Segment Start: INPUT DATA

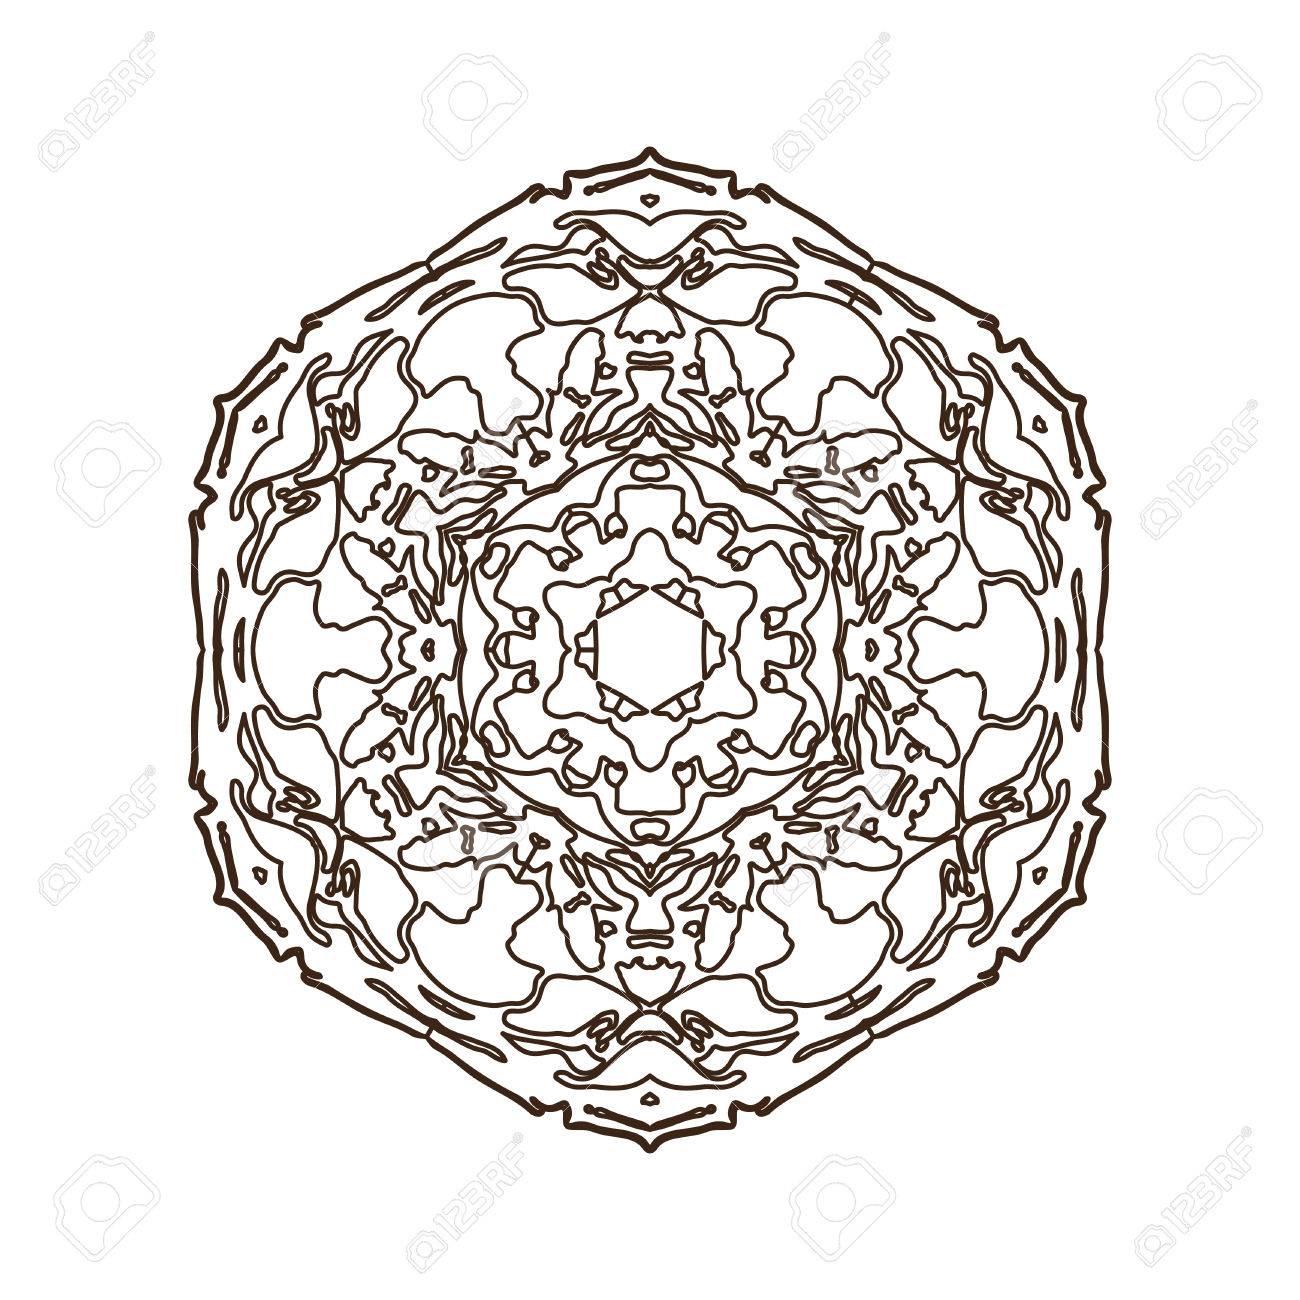 1300x1300 Mandala. Floral Vintage Round Amulet. Indian, Arabic, Buddhist
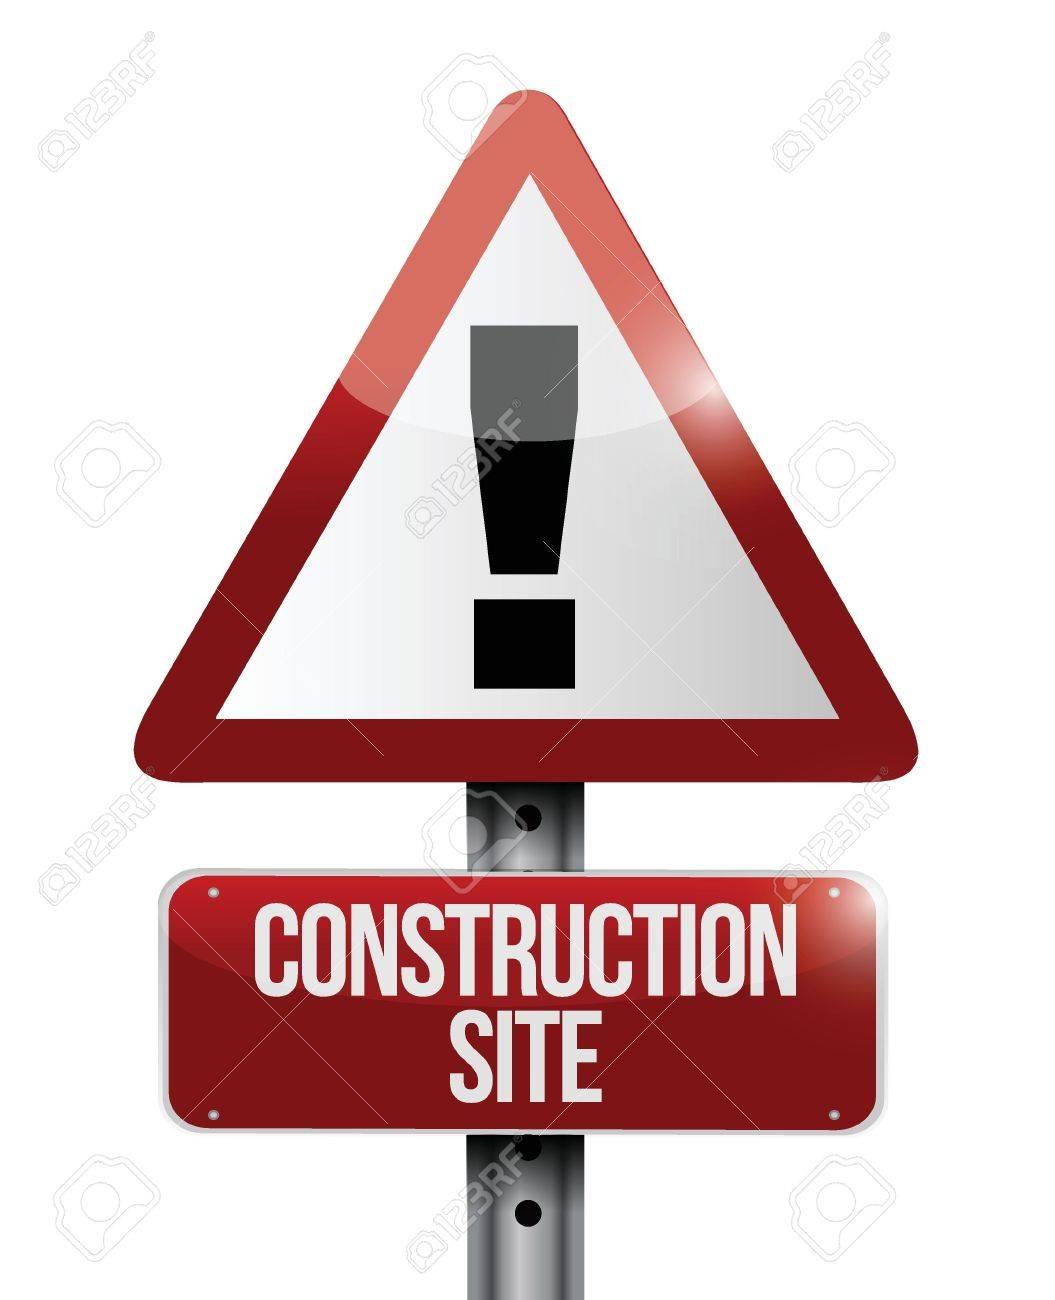 construction site warning road sign illustration design over white
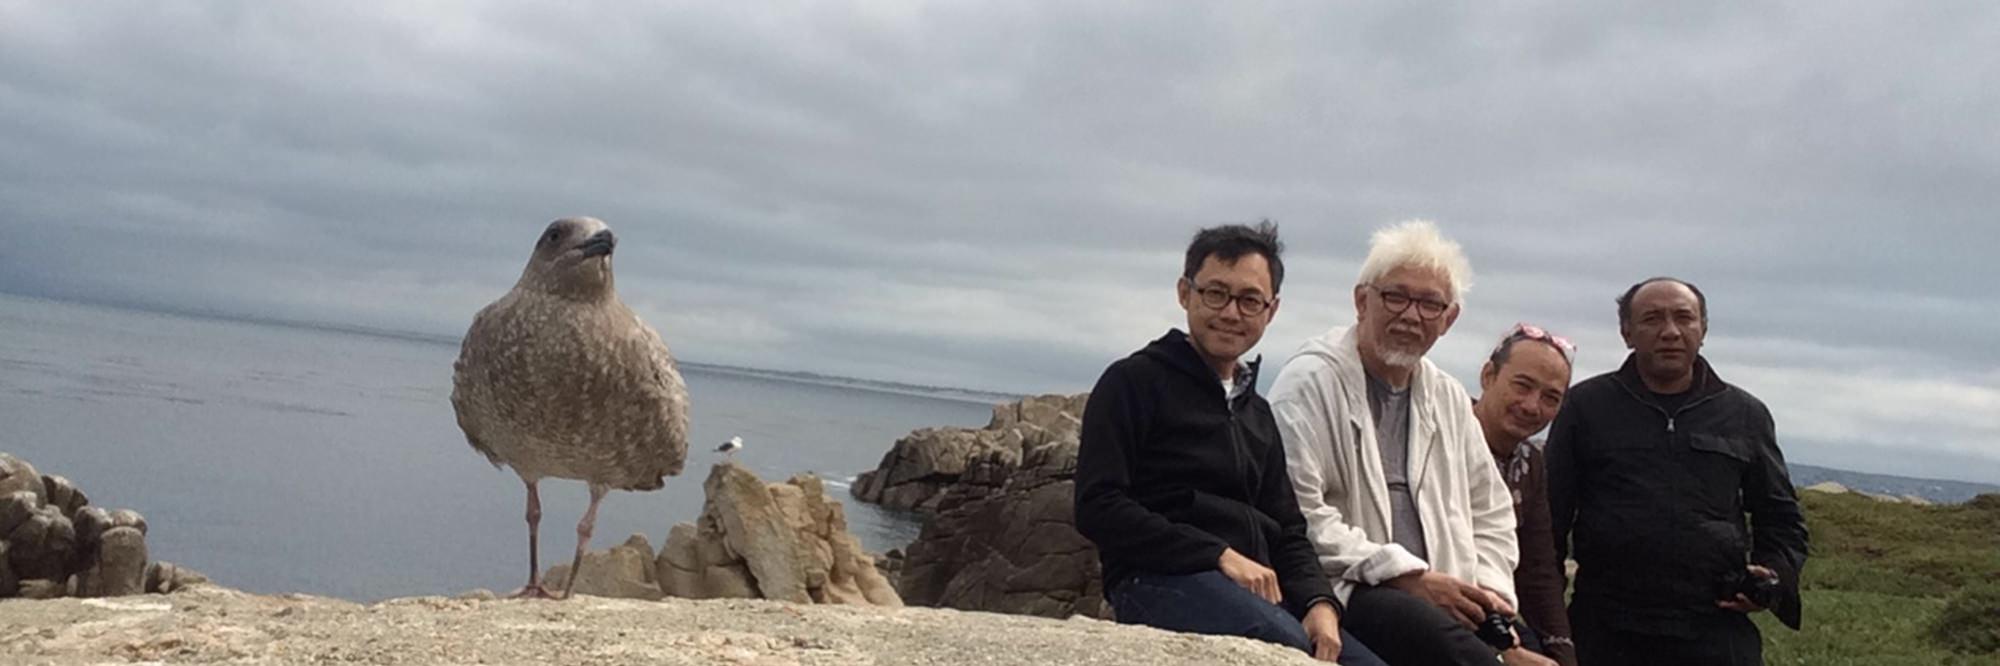 ROAD TRIP TO CALIFORNIA 2015   | Ahmad Zakii Anwar, Heri Dono, Kow Leong Kiang, Putu Sutawijaya | Sep 22, 2015 |  press release

Segment End: INPUT DATA

**WORK TO COMPLETE**
Give the data again exactly, image-free.

**SOLUTION FOR THIS PROBLEM**
 1300x1300 Mandala. Floral Vintage Round Amulet. Indian, Arabic, Buddhist
 construction site warning road sign illustration design over white
 ROAD TRIP TO CALIFORNIA 2015   | Ahmad Zakii Anwar, Heri Dono, Kow Leong Kiang, Putu Sutawijaya | Sep 22, 2015 |  press release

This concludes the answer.